Metadata-Version: 2.1
Name: webcloner
Version: 1.0.2
Summary: Offline website cloner, updater, and packager
Home-page: https://github.com/Synthfax/WebCloner
Author: Synthfax
Author-email: synthfax@gmail.com
License: Apache License 2.0
Project-URL: Bug Tracker, https://github.com/Synthfax/WebCloner/issues
Classifier: Programming Language :: Python :: 3
Classifier: Programming Language :: Python :: 3.8
Classifier: License :: OSI Approved :: Apache Software License
Classifier: Operating System :: OS Independent
Classifier: Environment :: Console
Classifier: Topic :: Internet :: WWW/HTTP
Classifier: Topic :: Utilities
Requires-Python: >=3.8
Description-Content-Type: text/markdown
License-File: LICENSE
Requires-Dist: requests>=2.0
Requires-Dist: beautifulsoup4>=4.0
Requires-Dist: tqdm>=4.0
Requires-Dist: flask>=2.0

# WebCloner

*Clone, update, package & serve websites for offline use – all from one tiny Python script.*

---

**Made by Synthfax**

---

## Features

| Command      | What it does                                                                       |
| ------------ | ---------------------------------------------------------------------------------- |
| **clone**    | Recursively downloads a live site to a local folder and rewrites internal links.   |
| **run**      | Fires up a lightweight Flask web server that serves a cloned repo.                 |
| **update**   | Refreshes an existing repo *safely* by cloning into a temp dir and syncing changes |
| **savewcof** | Bundles an entire repo into a single `.wcof` archive (ZIP under the hood).         |
| **runwcof**  | Serves a `.wcof` file directly – no manual extraction required.                    |

Additional features:

* **Progress bars** via *tqdm* so you’re never in the dark.
* **Domain‑locked crawling** – stays on the origin host.
* **Depth limiter** so you don’t mirror the whole internet by accident.
* **Pure‑Python** – works on Windows, macOS & Linux (incl. WSL & Termux).

---

## Requirements

* Python ≥ 3.8
* The following packages (installed automatically via pip):

  * `requests`
  * `beautifulsoup4`
  * `tqdm`
  * `flask`

---

## Installation

### 🔌 Install via pip (recommended)

```bash
python -m pip install webcloner
```

*(Use `python3` instead of `python` if needed.)*

---

## Quick Start

```bash
# 1. Clone a website (max 2 levels deep)
webcloner clone https://example.com ./offline_copy --depth 2

# 2. Serve the local copy in your browser
webcloner run ./offline_copy 8000

# 3. Package the local copy into a single .wcof file
webcloner savewcof mysite.wcof ./offline_copy

# 4. Serve directly from a .wcof archive
webcloner runwcof mysite.wcof 8080
```

---

## Command Reference

### `clone`

```
webcloner clone <url> <output_dir> [--depth N]
```

* `url` – starting URL (with http\:// or https\://).
* `output_dir` – local folder for files.
* `--depth` – recursion depth (default 2).

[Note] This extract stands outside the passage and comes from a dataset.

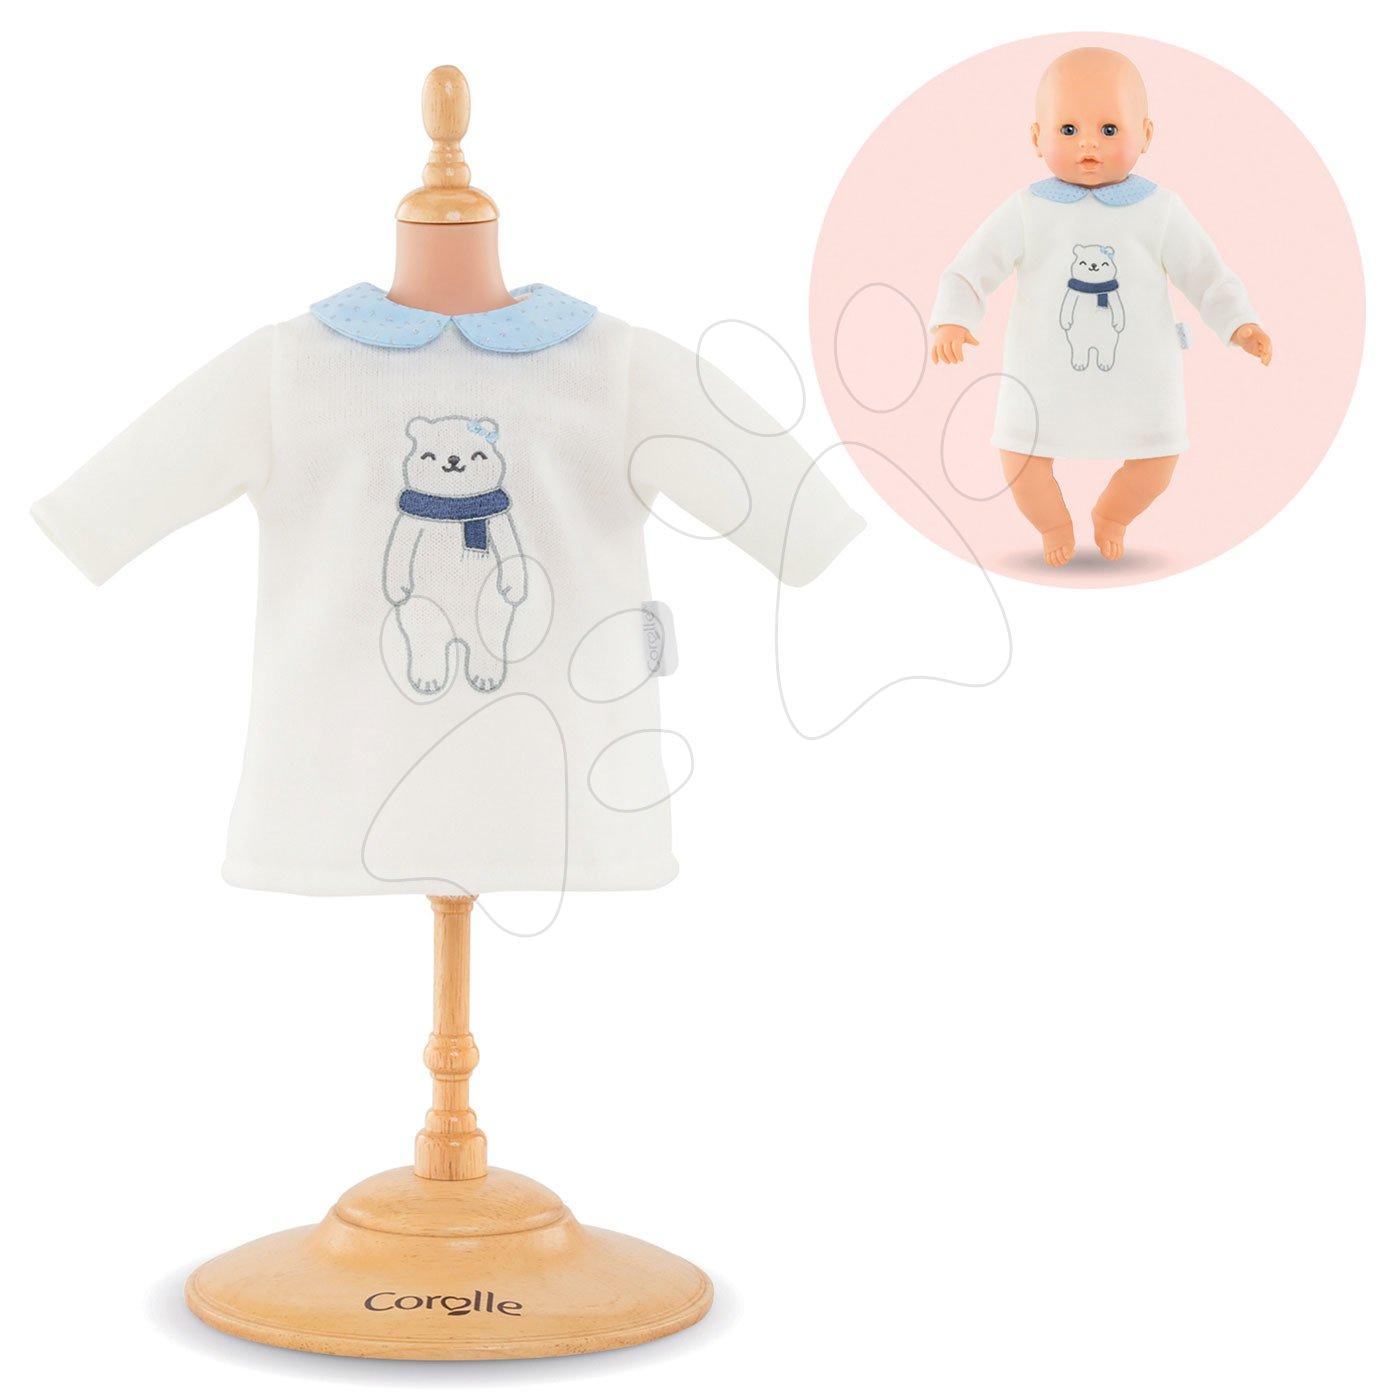 Oblečenie Dress Winter Sparkle Mon Grand Poupon Corolle pre 42 cm bábiku od 24 mes

Downloads and rewrites same-domain links for offline use.

---

### `run`

```
webcloner run <repo_dir> <port> [--host 0.0.0.0]
```

Serves the cloned site via Flask.

---

### `update`

```
webcloner update <url> <repo_dir> [--depth N]
```

Safely refreshes the repo by syncing changes from the live site.

---

### `savewcof`

```
webcloner savewcof <filename.wcof> <dest_dir> <repo_dir>
```

Bundles the repo into a `.wcof` ZIP archive.

---

### `runwcof`

```
webcloner runwcof <file.wcof> <port> [--host 0.0.0.0]
```

Extracts and serves from a `.wcof` archive on the fly.

---

## FAQ

| Question                              | Answer                                                               |
| ------------------------------------- | -------------------------------------------------------------------- |
| *Why does it download external CDNs?* | Only same-domain links are crawled. Some CSS/JS may load CDN assets. |
| *Can I clone login-required sites?*   | Not yet. You’d need to add cookies manually in the script.           |
| *Is JavaScript executed?*             | No. This is a static grabber, no JS rendering.                       |

---

## License

Licensed under the **Apache License 2.0** – see [LICENSE](LICENSE) for full terms.